| Data block |
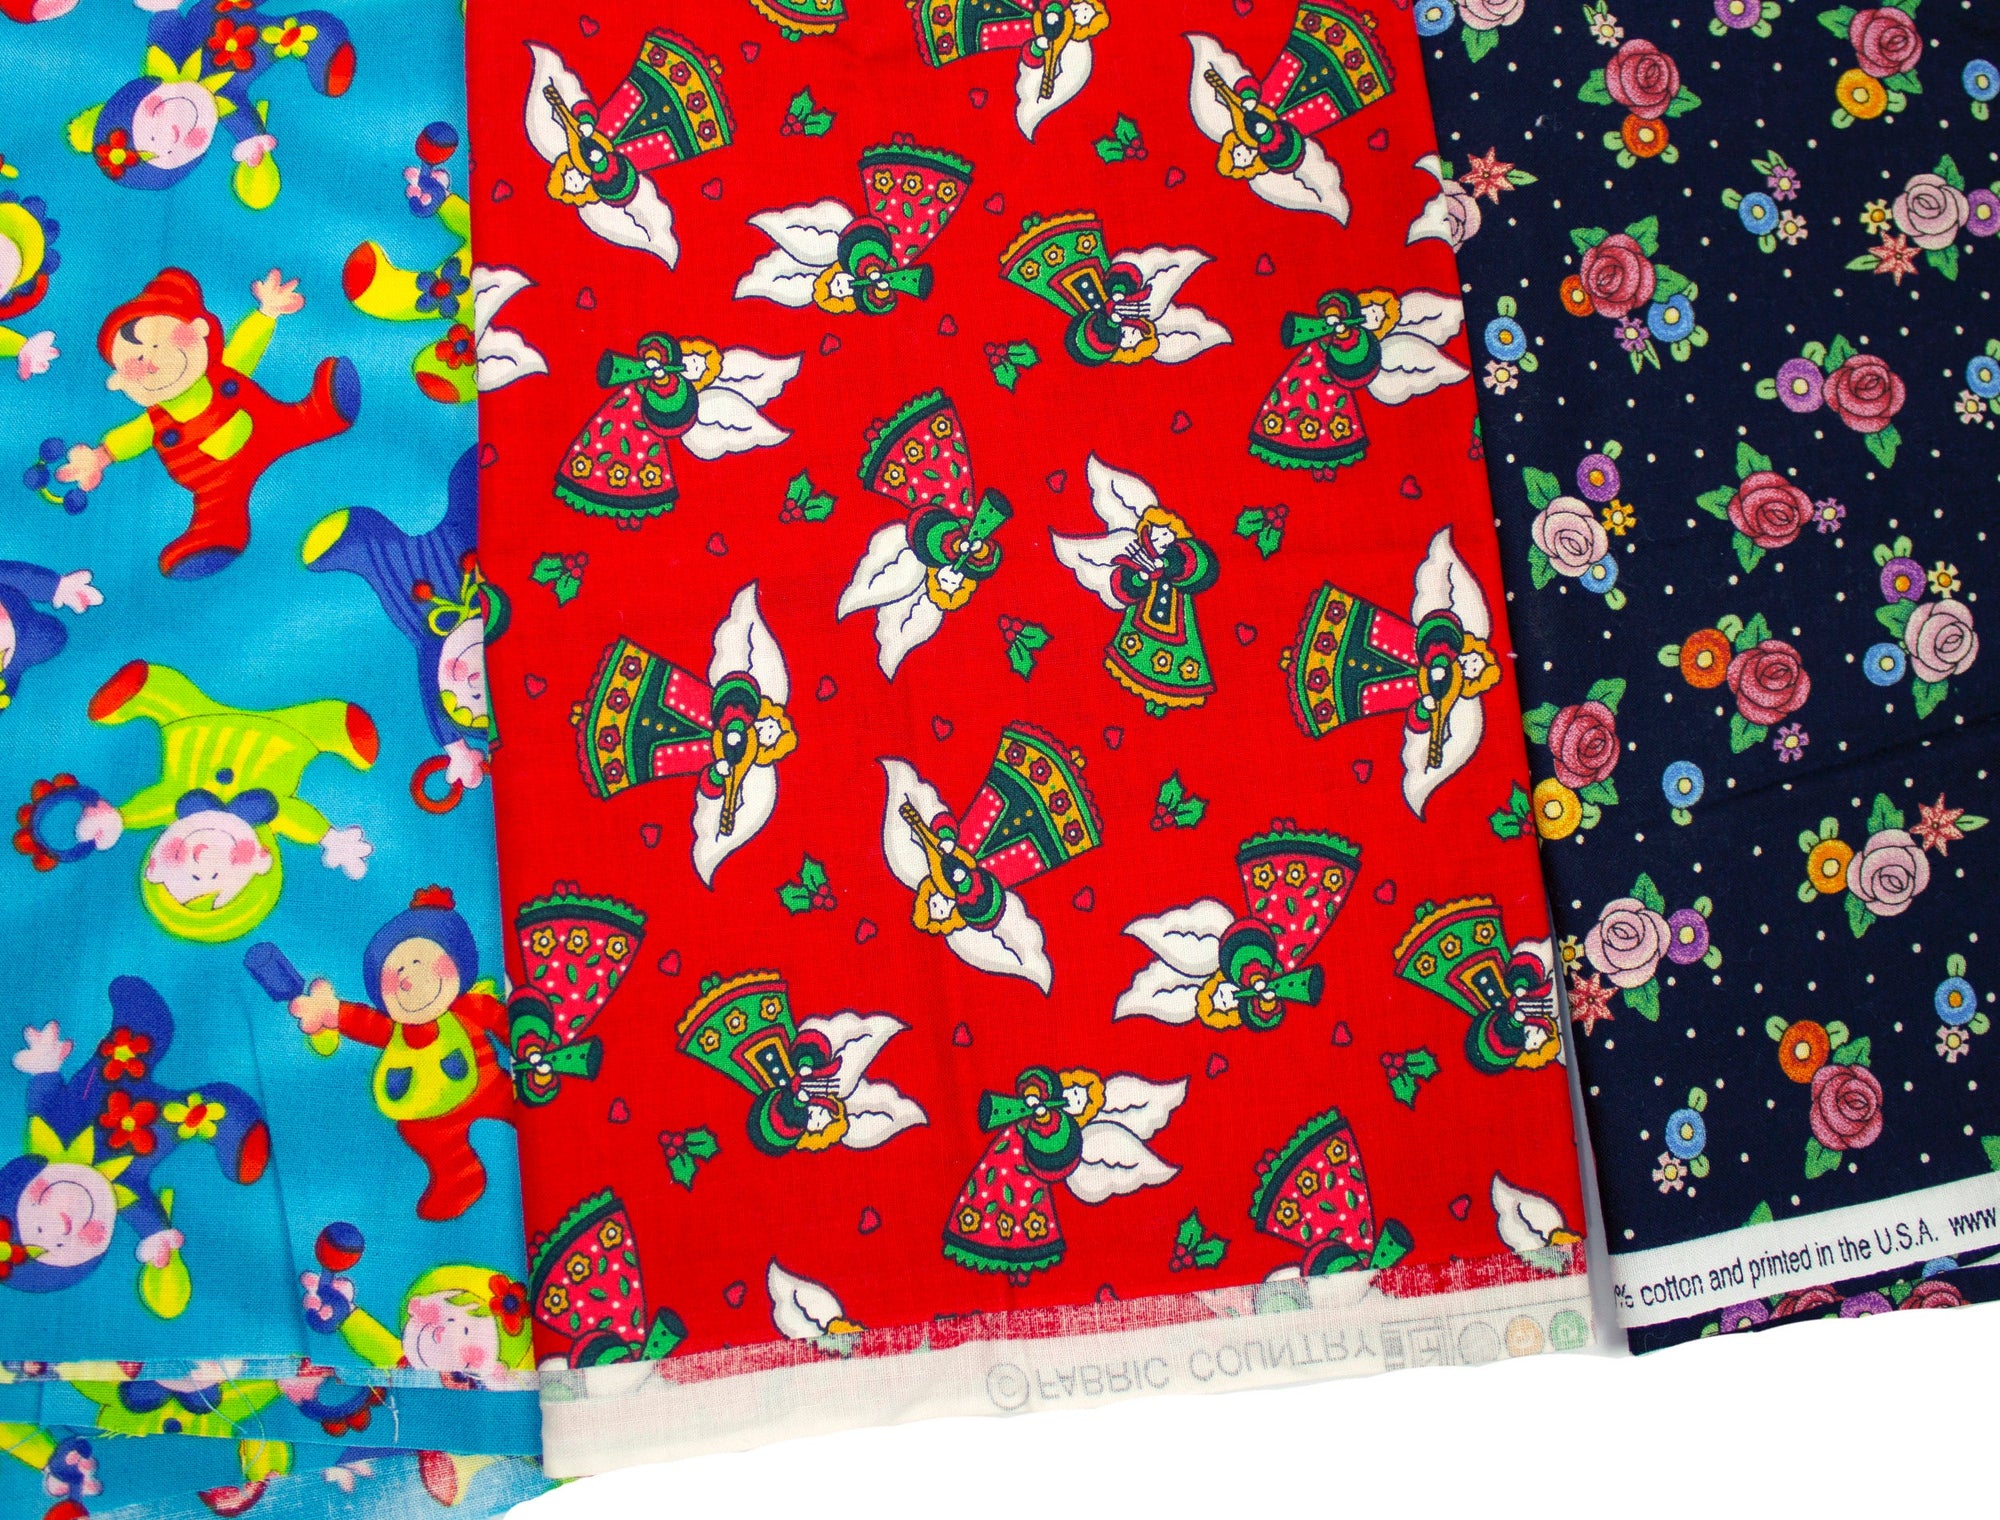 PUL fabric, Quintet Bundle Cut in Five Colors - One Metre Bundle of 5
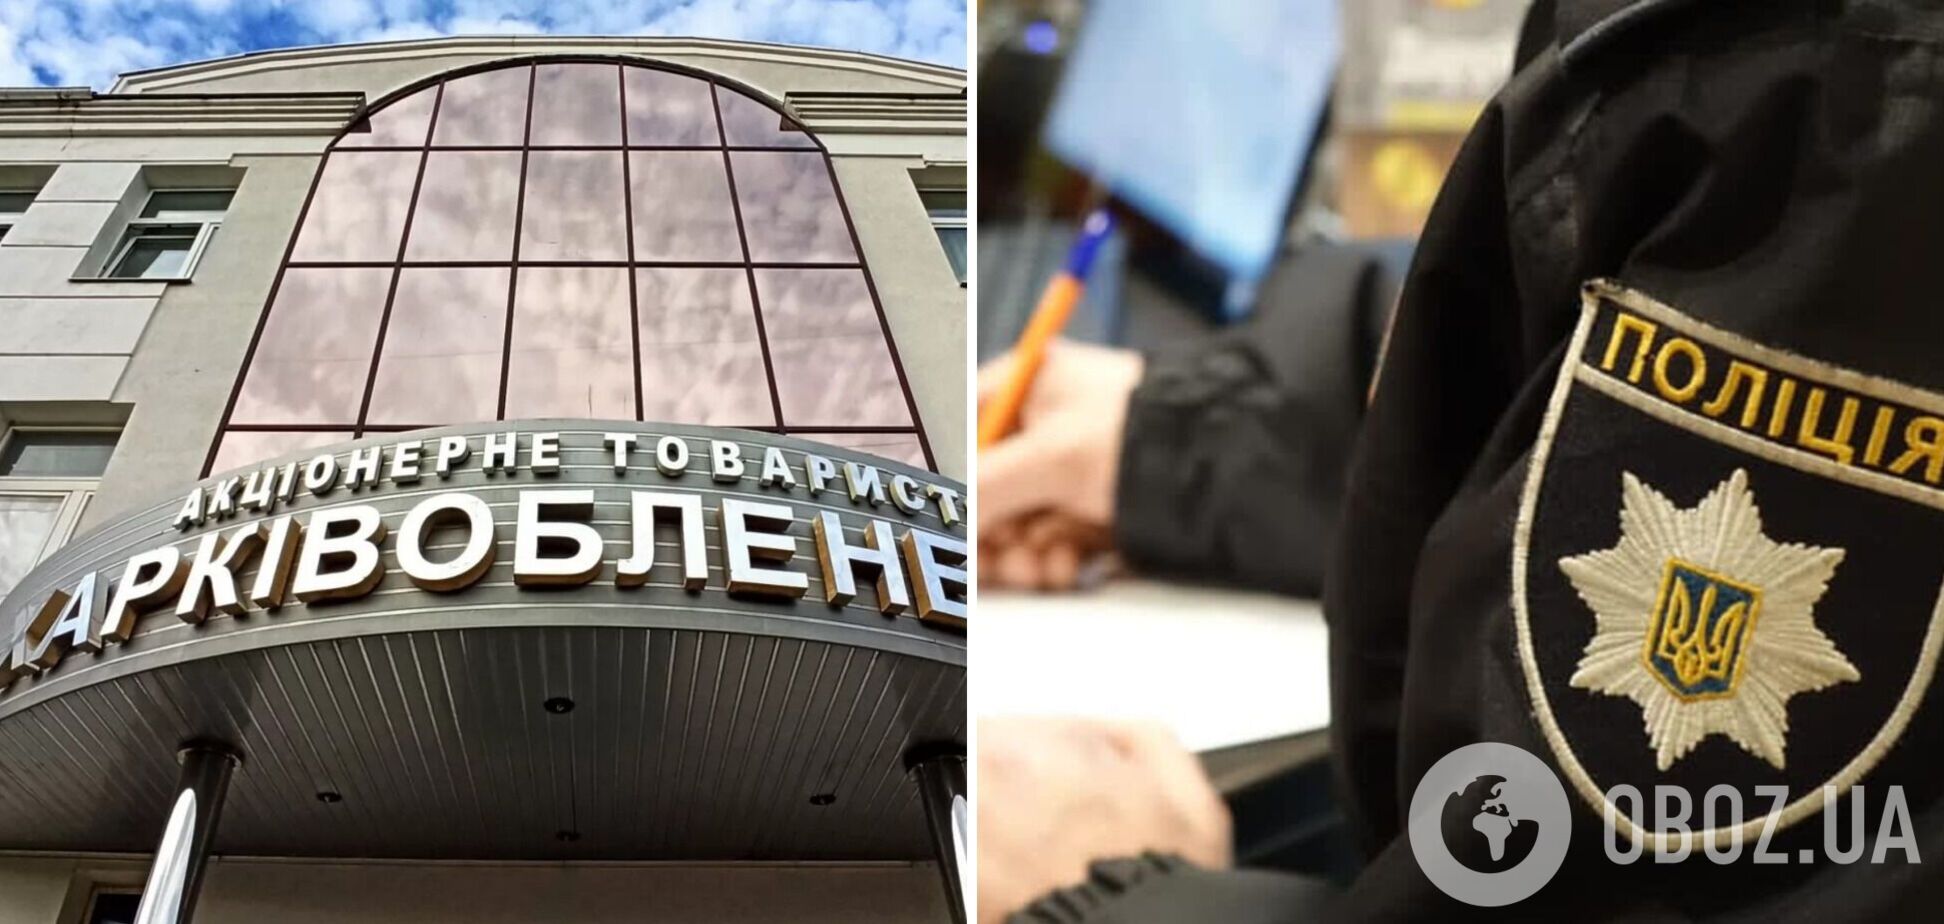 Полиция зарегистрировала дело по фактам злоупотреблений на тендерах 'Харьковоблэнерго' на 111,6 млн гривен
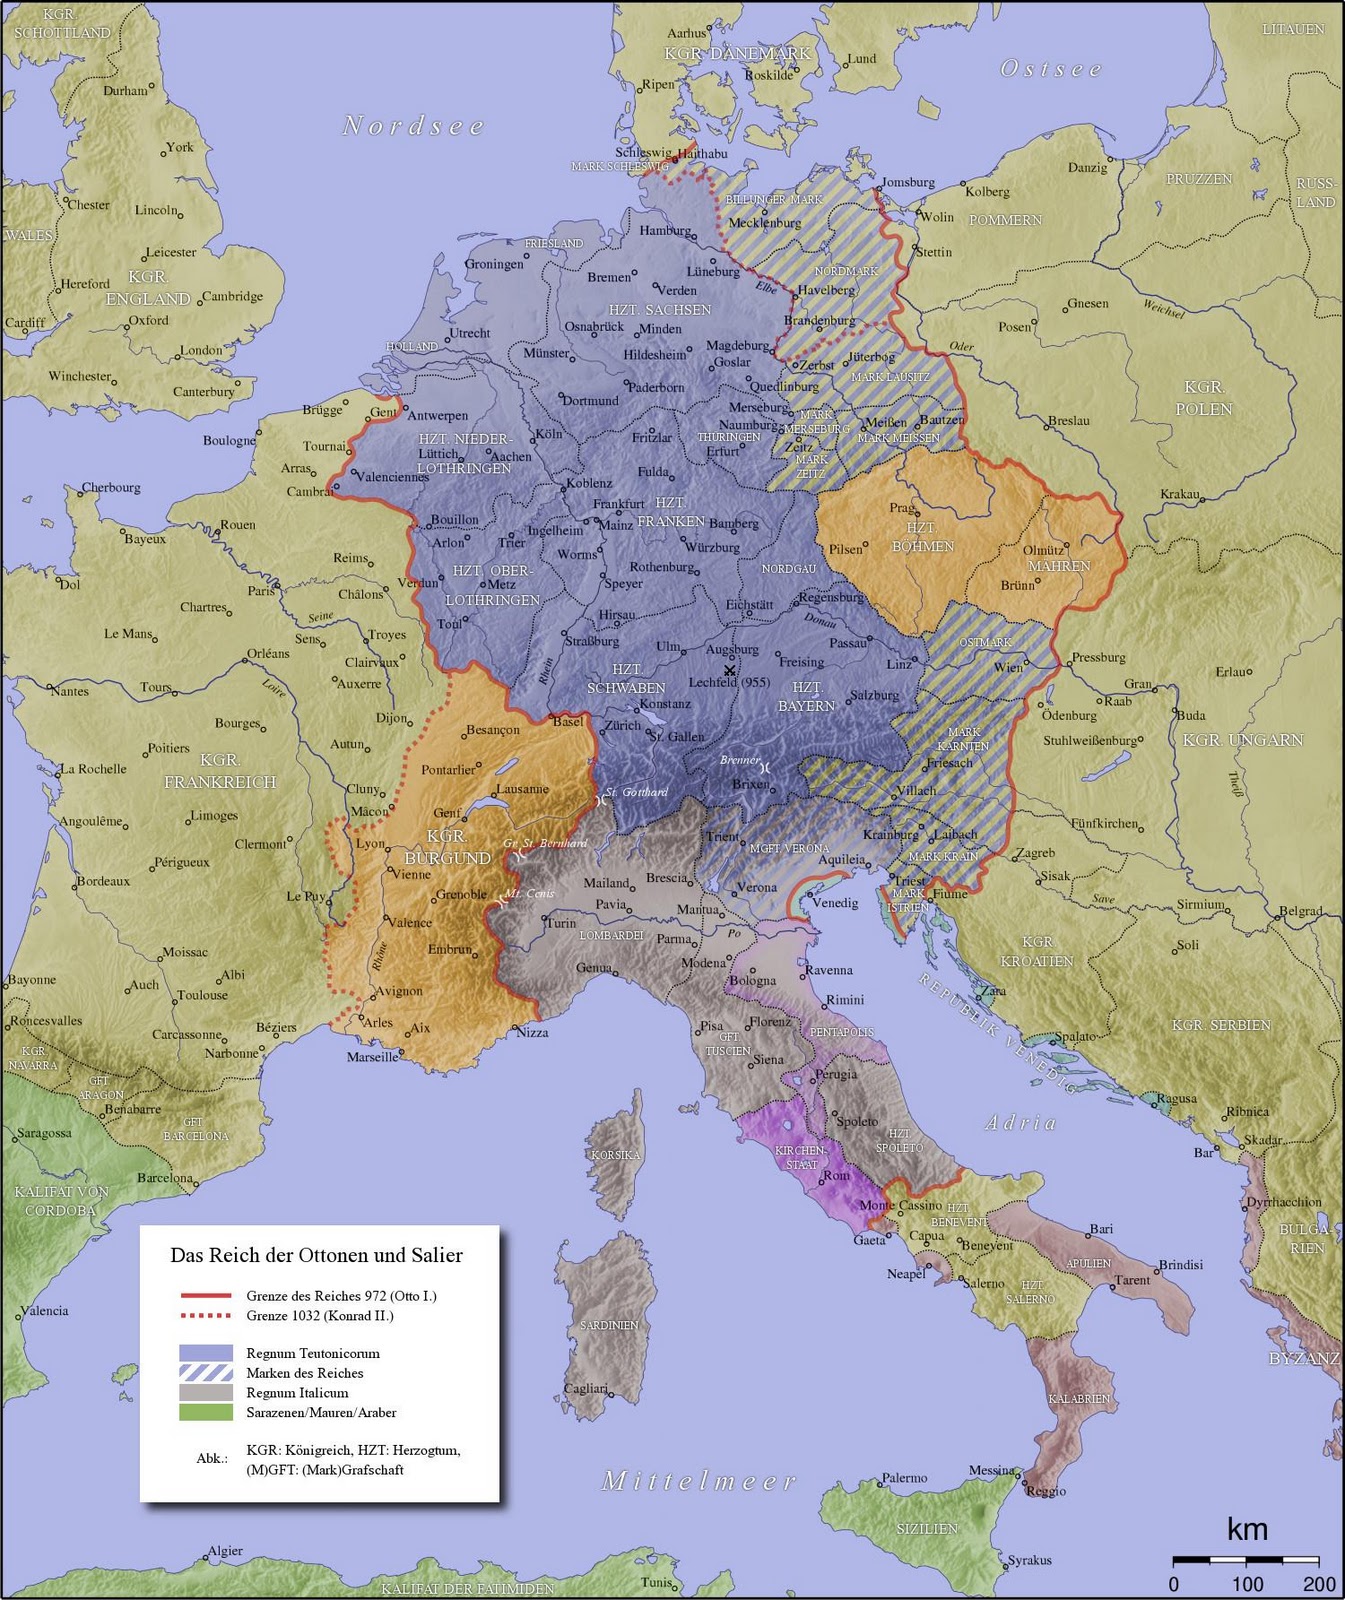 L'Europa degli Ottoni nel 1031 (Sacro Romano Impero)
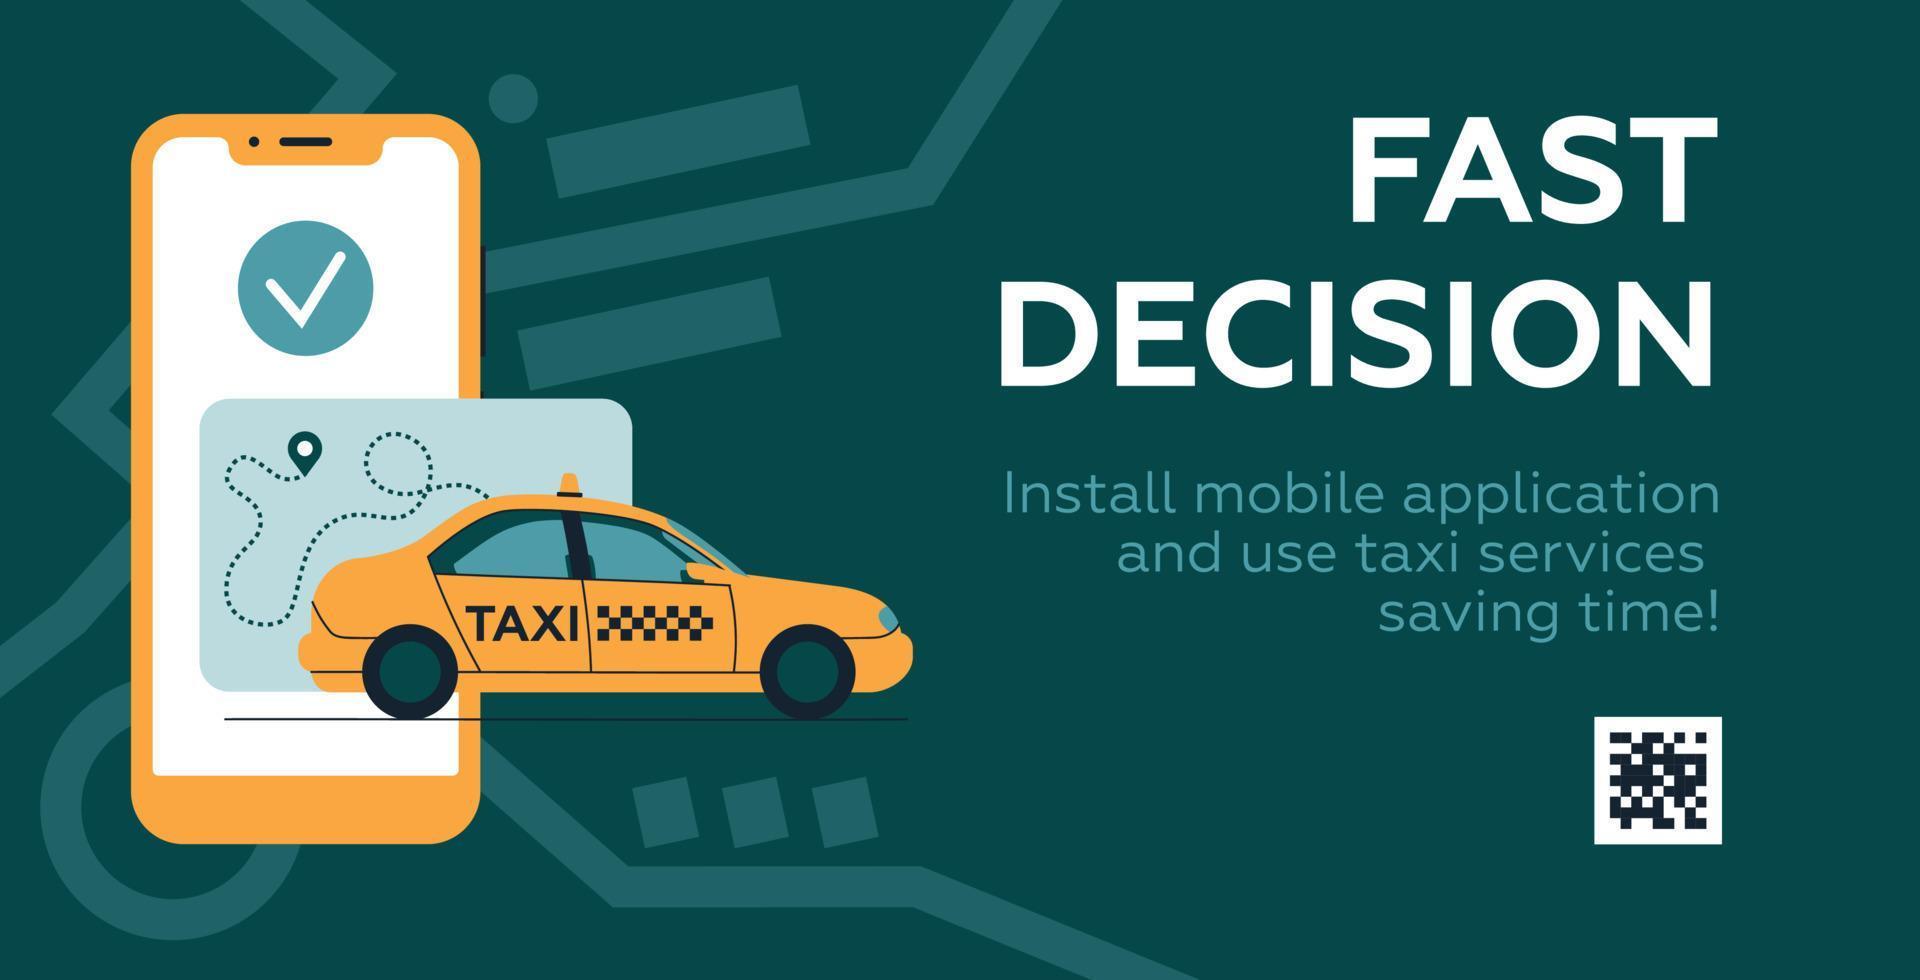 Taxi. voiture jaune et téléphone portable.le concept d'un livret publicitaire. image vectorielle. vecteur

| Exercise |
Each line of the data above is to be output exactly; the pictures are not to appear.

| Written reply |
 PUL fabric, Quintet Bundle Cut in Five Colors - One Metre Bundle of 5
 Полиция зарегистрировала дело по фактам злоупотреблений на тендерах 'Харьковоблэнерго' на 111,6 млн гривен
 L'Europa degli Ottoni nel 1031 (Sacro Romano Impero)
 Taxi. voiture jaune et téléphone portable.le concept d'un livret publicitaire. image vectorielle. vecteur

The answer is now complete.